With that heartening development, I also stumbled upon a happy fact. Java is, at first, an interpreted language, but it compiles sections of programs to faster, native code when it discovers that it runs into them a lot. After the computer took its first turn, I saw the benchmark report that it had explored 200,000 states per second. 200,000 states per second I can live with—my laptop is several years old and a laptop, and in testing, my desktop was about five times faster in an earlier version of the code. I intend to test it again soon, and see what a powerful machine can do with it.

I made one final optimization after that.
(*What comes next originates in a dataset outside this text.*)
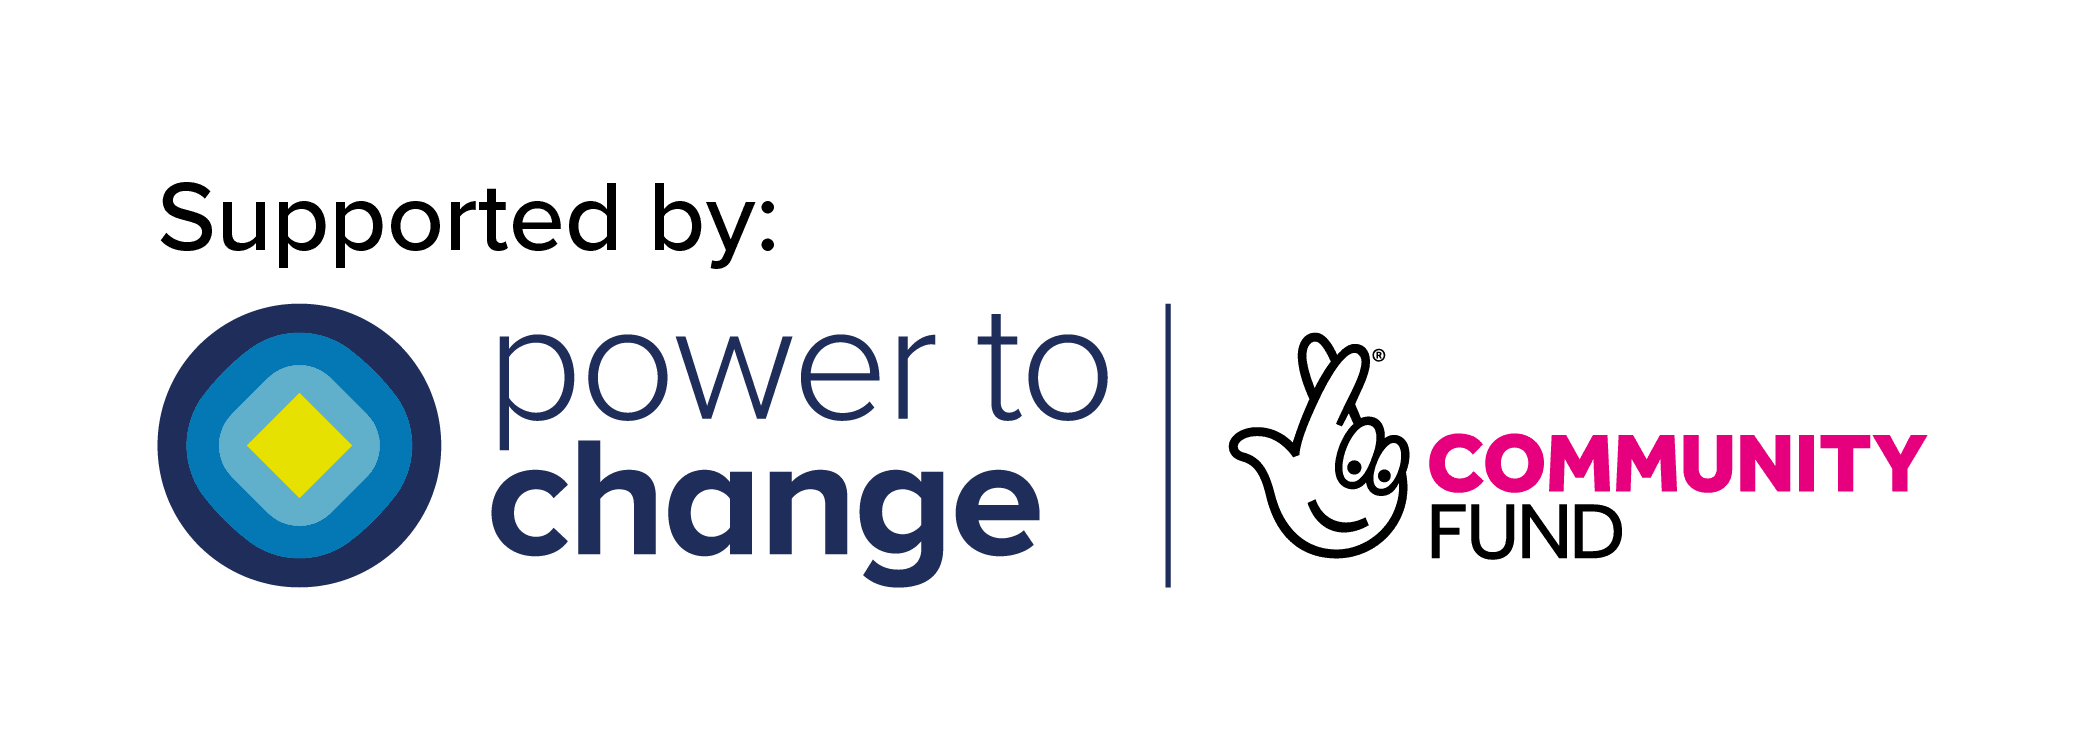 Supported by: Power to Change and National Lottery Community Fund logos

Since the AI code used a thick representation of game states, it was extremely memory-hungry—brandub to depth 3 took over four gigabytes of memory, and other games were impossible altogether. I solved that one with two changes: first, I now represent the explored nodes of a tree as a list of moves required to reach each node from the root. Second, I trigger garbage collection manually.

Now, this may seem like a bad idea, to those of you with some Java development experience, but in this case, it’s called for. The default Java garbage collection scheme is two-leveled: objects just created go in a group called the Eden space. The Eden space contains objects whose longevity is not known, and which will therefore likely be quickly removed. If an object survives garbage collection in the Eden space, it moves into the Survivor space, where middle-longevity objects live. The Survivor space is touched less frequently by garbage collection. Finally, if an object lives in the Survivor space through a couple of garbage collections, it moves into the Tenured space, where it is troubled by garbage collections least frequently of all.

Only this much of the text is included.